----- Provided material

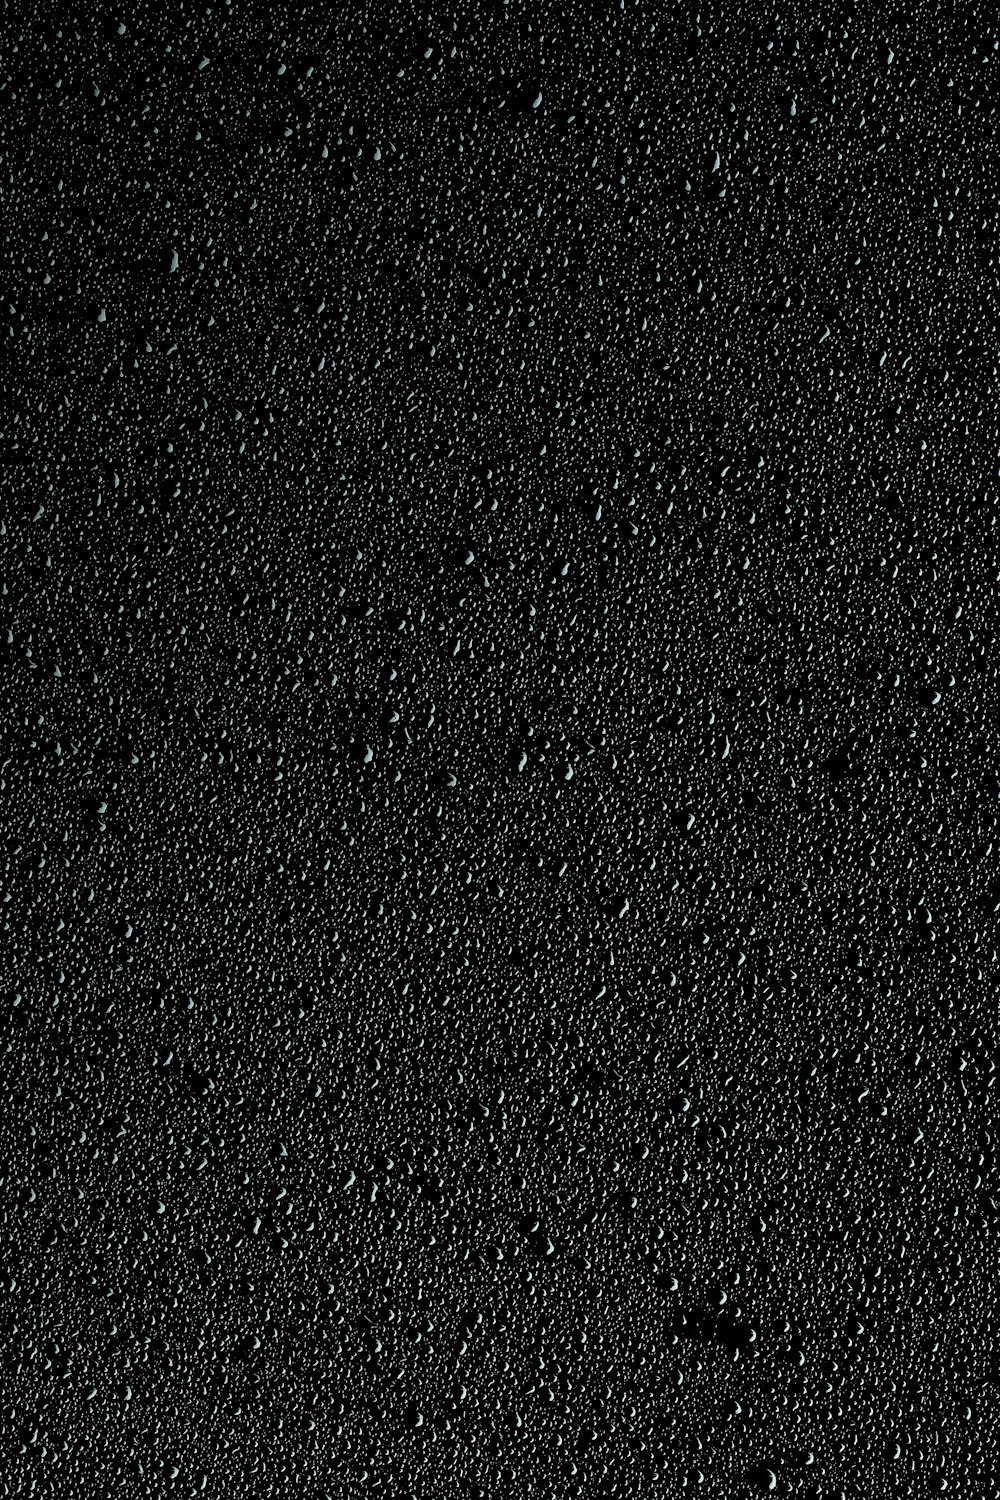 uno sfondo nero con piccole bolle d'acqua
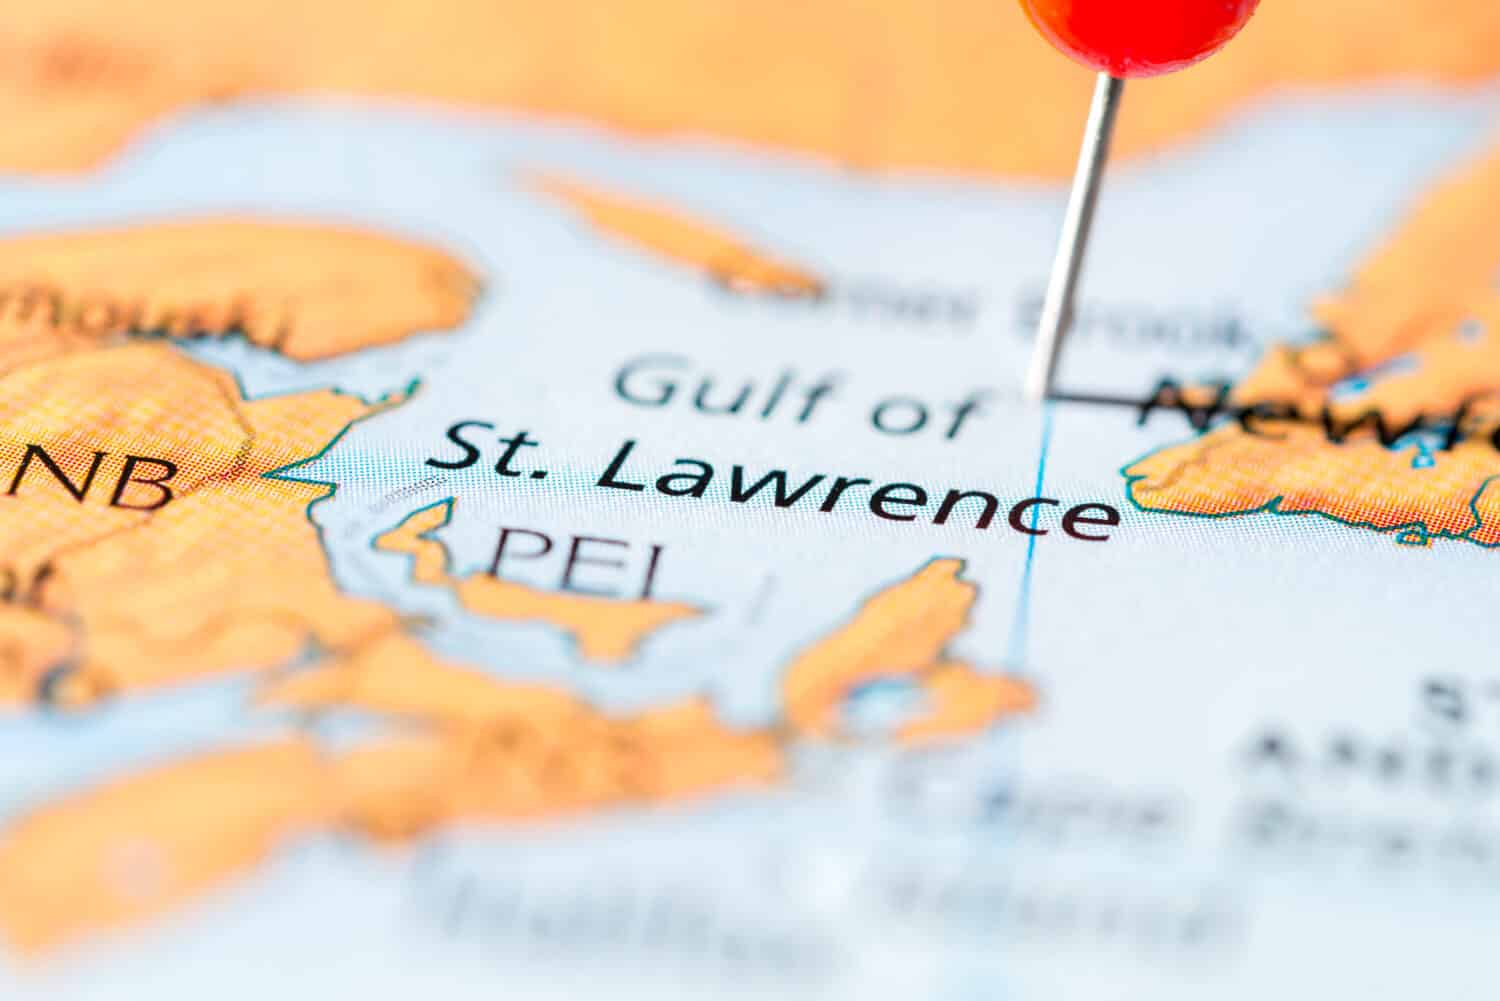 Gulf of St. Lawrance, Canada.
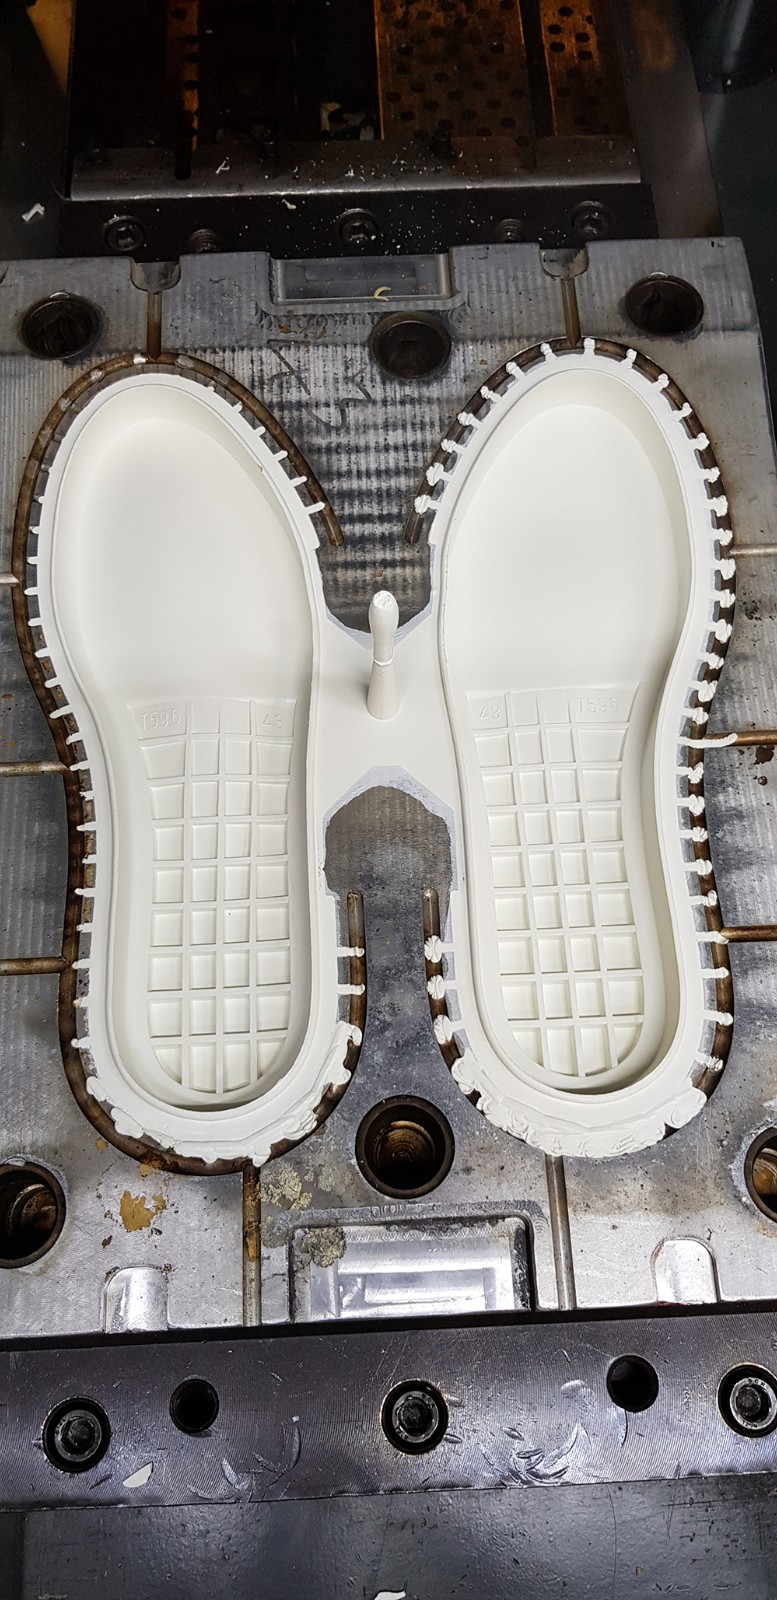 橡胶鞋底机对于企业的发展有什么影响吗？
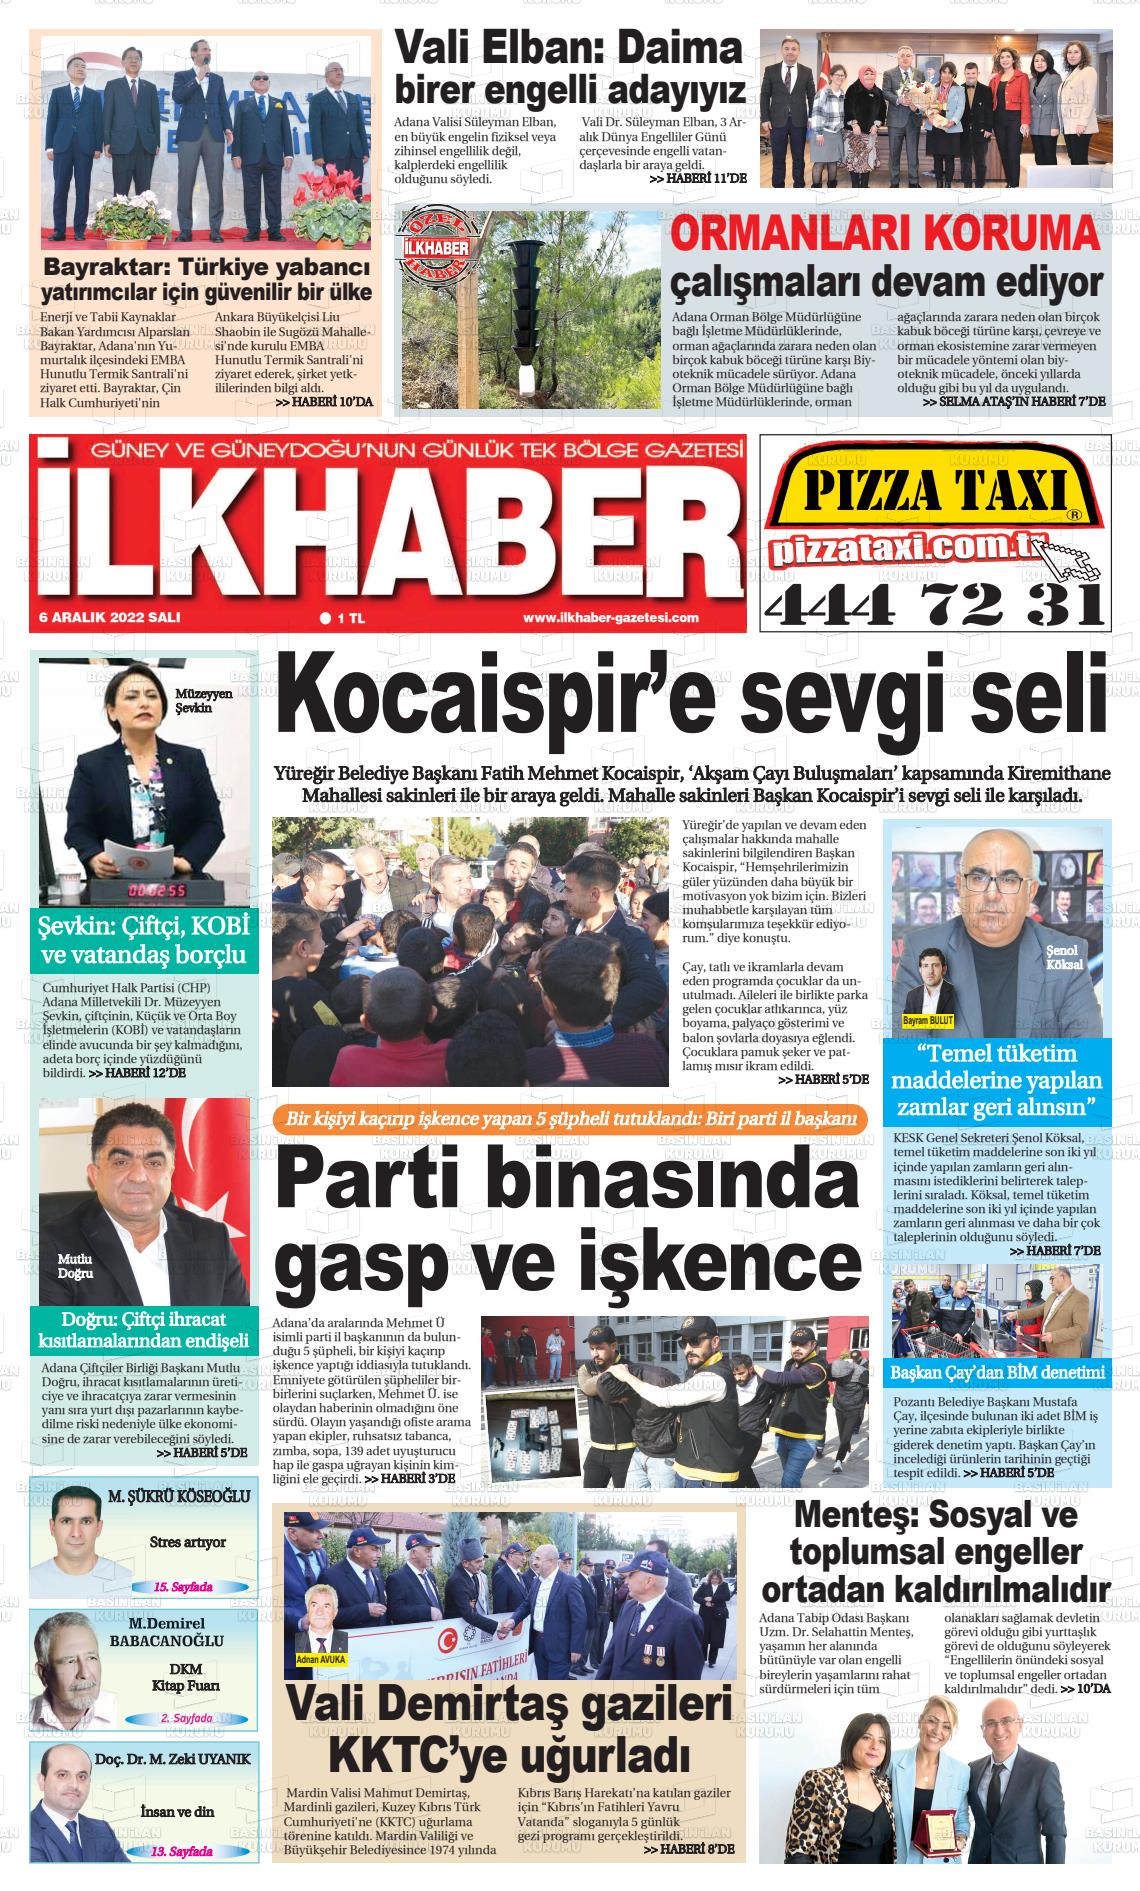 06 Aralık 2022 İlk Haber Gazete Manşeti

----------

Give back the full listing verbatim, skipping each picture.

*Written response:*
 uno sfondo nero con piccole bolle d'acqua
 Gulf of St. Lawrance, Canada.
 橡胶鞋底机对于企业的发展有什么影响吗？
 06 Aralık 2022 İlk Haber Gazete Manşeti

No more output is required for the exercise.